元・副会長のCinema Days

映画の感想文を中心に、好き勝手なことを語っていきます。

「ルージュの手紙」

2018-01-27 06:31:08 | 映画の感想(ら行)

 (原題:SAGE FEMME)脚本があまり上等ではなく、筋書きの不備が散見される。ただ、キャストの演技と存在感でさほど退屈せずスクリーンに対峙できた。やはり映画において“スター”の占める割合は大きいのだろう。

 パリ郊外のモントレ=ラ=ジョリーの町に暮らす中年女性クレールは、助産婦として働きながら、女手ひとつで息子を育てあげてきた。この仕事に誇りを持っていたが、勤務先の病院が経営不振で閉鎖されることが決まり、自身の今後について悩んでいた。そんなある日、1本の電話が入る。その相手は、30年前に突如姿を消した血の繋がらない母、ベアトリスだった。彼女は父親の後妻で、奔放な生き方を貫いた挙げ句に家を出ていた。クレールの父は、ベアトリスがいなくなった事に耐えられず、自ら命を絶ってしまったのだ。

 かつてのパートナーの死も知らずに気ままな生活を長年送り、ここにきて“かつてのダンナに会いたい”という突然の連絡を義理の娘に入れるベアトリスに、クレールは困惑するばかり。だが、ベアトリスは難病を患っていて、余命幾ばくもない可能性があることが分かってくる。クレールは彼女に同情しつつも、相変わらず無軌道な言動をやめない彼女に手を焼く。そんなクレールの前に気になる男性が現れ、彼女の境遇も変わっていく。

 ベアトリスのキャラクターには納得出来ない。昔は好き勝手に振る舞い、やがて突然家を出る。そして30年も経った後、伴侶に会いたいとクレールに連絡を付けるが、相手が自分のために死んだことも知らない。自身の寿命があと僅かかもしれないという不安はあるが、気侭な生活はそのままだ。

 ならばクレールに感情移入が出来るのかというと、そうでもない。プライドを持って仕事に臨んでいることは分かるが、病院がもうすぐ無くなるにも関わらず、今の医療の有り様に疑問を持っているとのことで、再就職の活動もしない。それでは、自身のスキルが世の中に活かせないではないか。やがて重い腰を上げて求人を行っている職場を訪問してみるが、そこは絵に描いたようなハイテク(?)病院で、彼女は嫌気がさしてしまう。いくら医療テクノロジーが進歩しているとはいえ、熟練したスタッフを蔑ろにしている病院があるとは信じがたい。また、いつ発作を起こすか分からないベアトリスに自動車の運転をさせるシーンも愉快になれない。
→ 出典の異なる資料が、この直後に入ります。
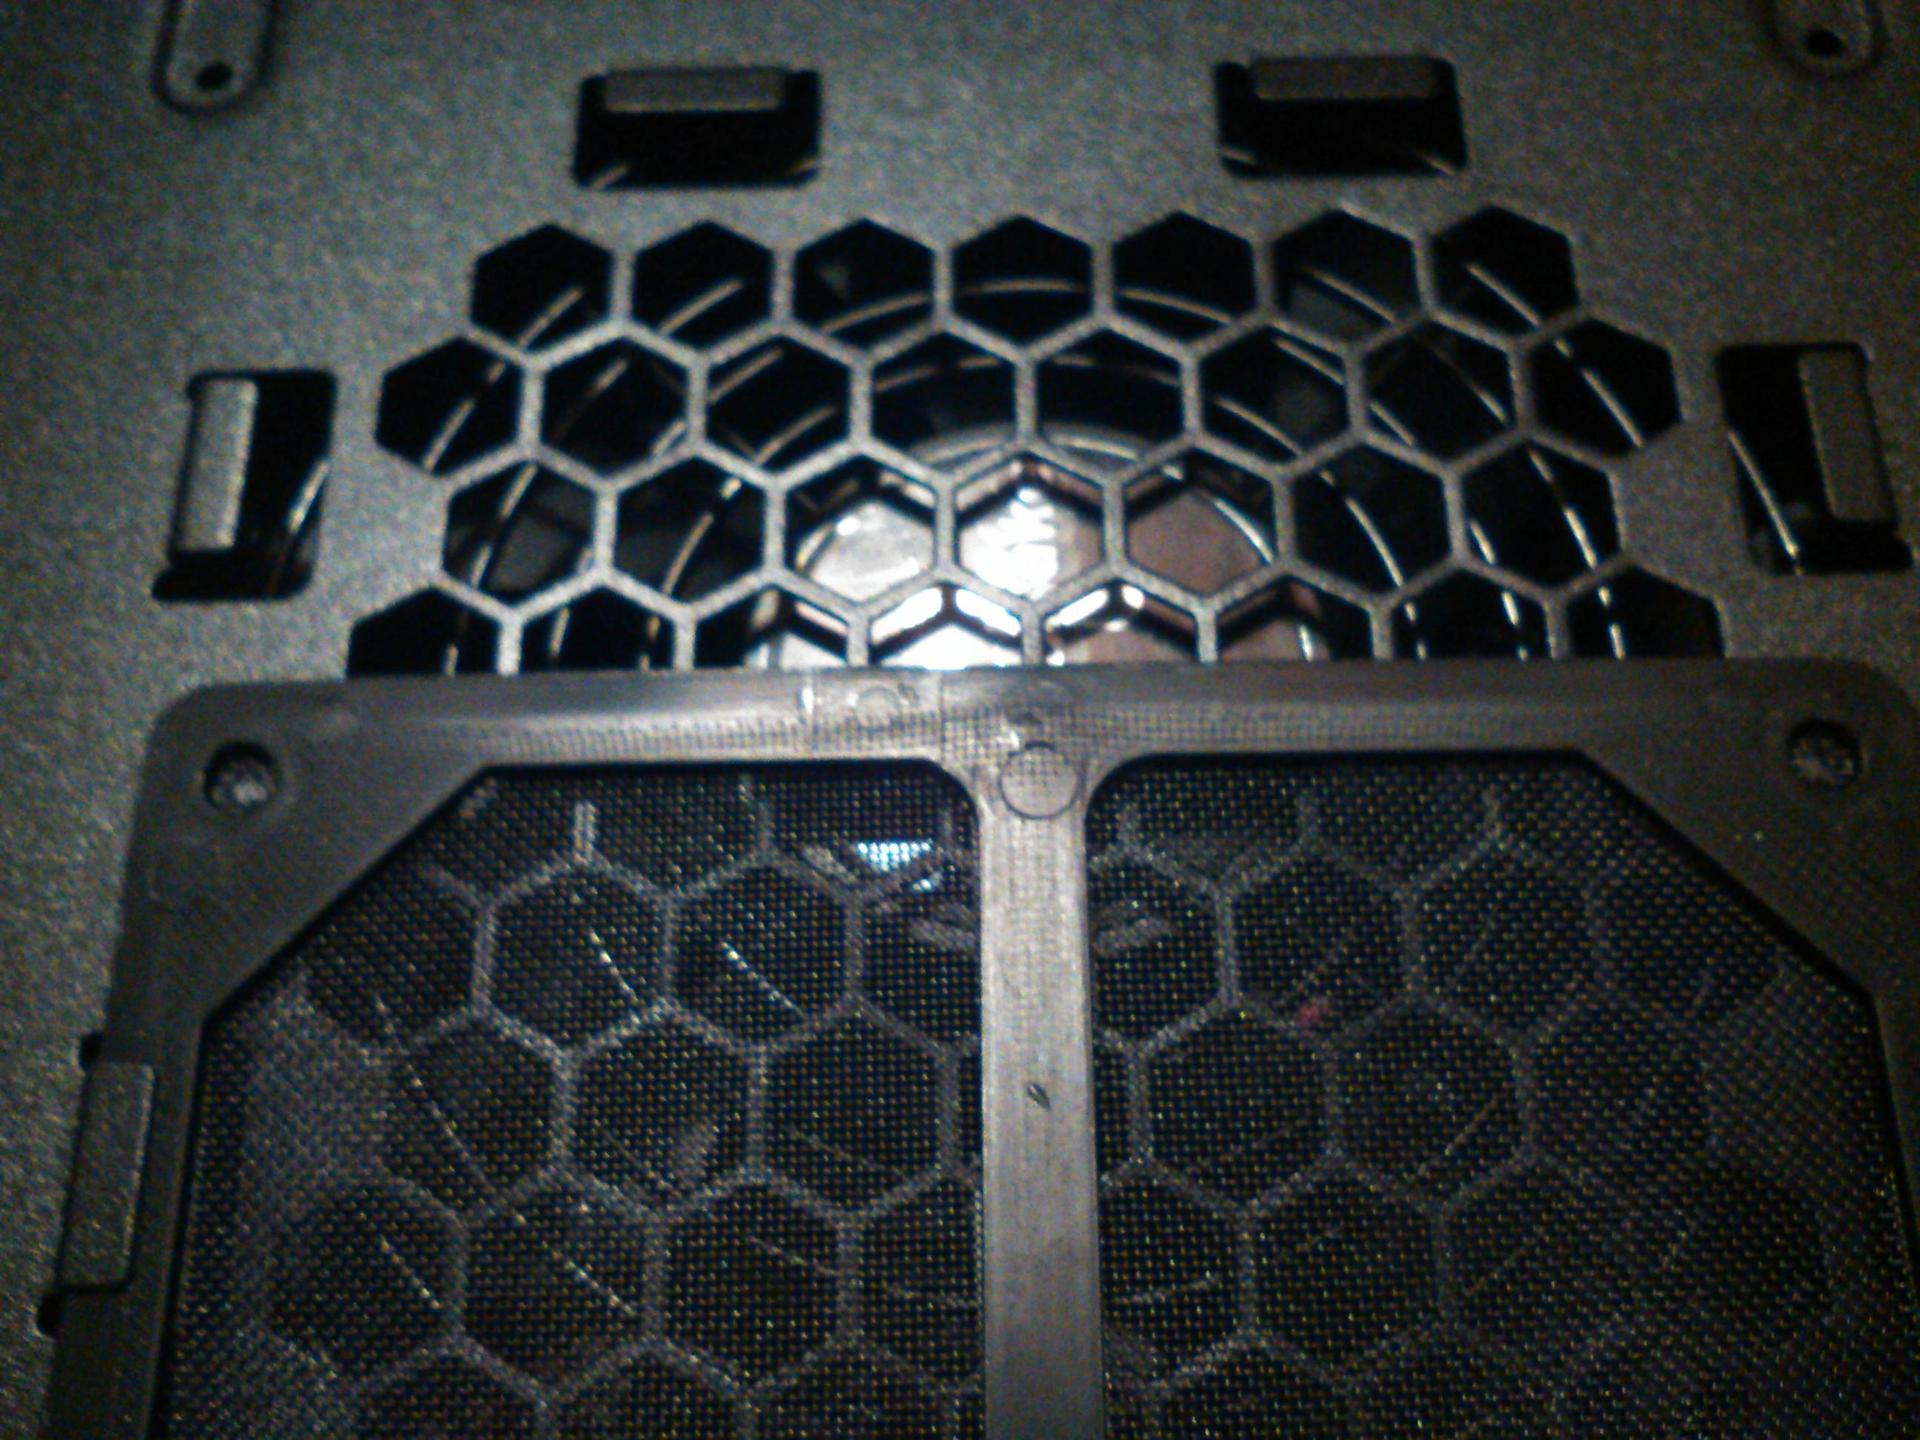 Черный ящик для дома: собираем NAS своими руками, часть 1 - 3

 こうした要領を得ない展開の果てに、思わせぶりなラストが待っている。マルタン・プロヴォの演出は平板で、これでは評価出来ない。ただし、ベアトリス役のカトリーヌ・ドヌーヴが放つオーラは大したものだと思う。彼女が出てくるだけでパッと画面が明るくなるようだ。やっぱり“スター”は凄い。

 クレールに分するカトリーヌ・フロも、この年代の女性らしい慎み深さと、内に秘めたしたたかさを感じさせる妙演だ。クレールの交際相手を演じるオリヴィエ・グルメもイイ味を出している。それにしても、この邦題は終盤の小道具に由来しているとはいえ、往年のヒット曲のタイトルに似ていて紛らわしい(笑)。